Segundo o artigo 201, parágrafo primeiro, inciso dois, da Constituição federal, é permitido adotar critérios ou requisitos diferenciados para segurados que tenham trabalhado “com efetiva exposição a agentes químicos, físicos e biológicos prejudiciais à saúde, ou com associação desses agentes”.

A contaminação por vírus, bactérias ou microorganismos vivos em razão dos riscos da atividade entra na categoria dos agentes biológicos, por isso, a princípio, qualquer manipulação ou contato com material infectocontagioso prejudicial pode ocasionar a aplicação de critérios diferenciados para a aposentadoria especial.

Antes da reforma da Previdência, em 2019, o segurado precisava cumprir apenas tempo insalubre, de 15, 20 ou 25 anos, a depender do tipo de atividade.

Já adiantamos que no caso da exposição de agentes biológicos a regra era fixa de 25 anos de atividade, independentemente da idade.

Por consequência, quem se aposentava cedo como especial desejava continuar na atividade para melhorar a renda mesmo aposentado, e, de preferência, na mesma profissão.

Acontece que é típico da aposentadoria especial, exatamente por ela envolver uma atividade nociva ou perigosa, a proibição de voltar a desenvolver a mesma profissão perigosa.

Como resultado, lidamos com três situações: a primeira delas é a de jovens inativos, porque aposentados especiais; a segunda é de aposentados especiais que continuam em risco e recebem aposentadoria indevida e, a terceira, de aposentados especiais que mudam de atividade para se adequar a regra.
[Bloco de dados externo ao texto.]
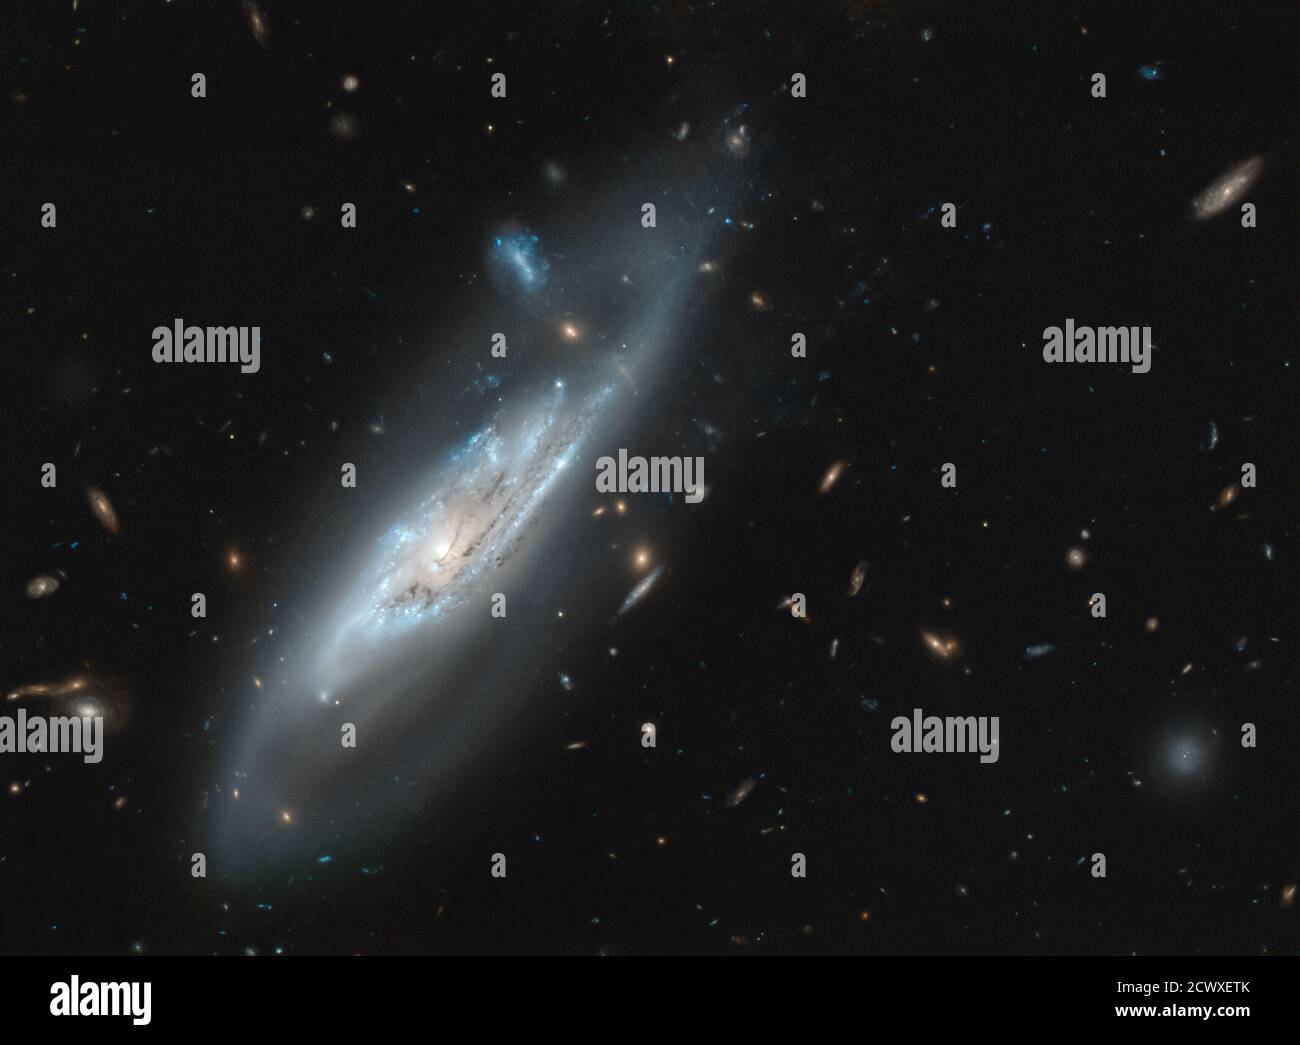 Geistergalaxie NGC 4848 EIN bemerkenswertes Merkmal der meisten Spiralgalaxien ist die Vielzahl von gebogenen Spiralarmen, die sich scheinbar aus dem Zentrum der Galaxie ausspinnen. In diesem Bild, aufgenommen mit dem NASA/ESA Hubble Space Telescope, werden die atemberaubenden silbrig-blauen Spiralarme der Galaxie NGC 4848 in immenser Detailtiefe beobachtet. Wir sehen nicht nur den inneren Teil der Spiralarme mit hunderttausenden von jungen, hellen, blauen Sternen, sondern Hubble hat auch die extrem schwachen, wispy Schwänze der äußeren Spiralarme eingefangen. Im Hintergrund erscheinen Myriaden weiter entfernter und herrlich diverser Galaxien. Stockfoto

Mas em breve essa dinâmica deve mudar pelas novas regras de aposentadoria especial, além, é claro, da exposição por 15, 20 ou 25 anos, permanecendo a regra de 25 anos para a exposição viral, bacteriana ou orgânica, agora é necessário também atingir idade mínima de 60 anos, independentemente do sexo.

Para quem já contribuía antes de 2019, é possível optar pela regra de transição da aposentadoria especial 25, considerada atividade de baixo risco comparada às demais opções.

Desde que cumpridos 25 anos de atividade exclusivamente especial e que a soma de idade e tempo especial seja pelo menos igual ao resultado 86, o segurado pode se aposentar pela especial.

Doença contagiosa pode ser doença ocupacional?

A doença ocupacional é um termo do direito que depende muito mais da parte “ocupacional” do que da parte “doença” para ser compreendido.

É estritamente necessário reconhecer uma ligação entre o tipo de trabalho exercido e o diagnóstico médico; essa ligação ficou conhecida como “nexo causal”.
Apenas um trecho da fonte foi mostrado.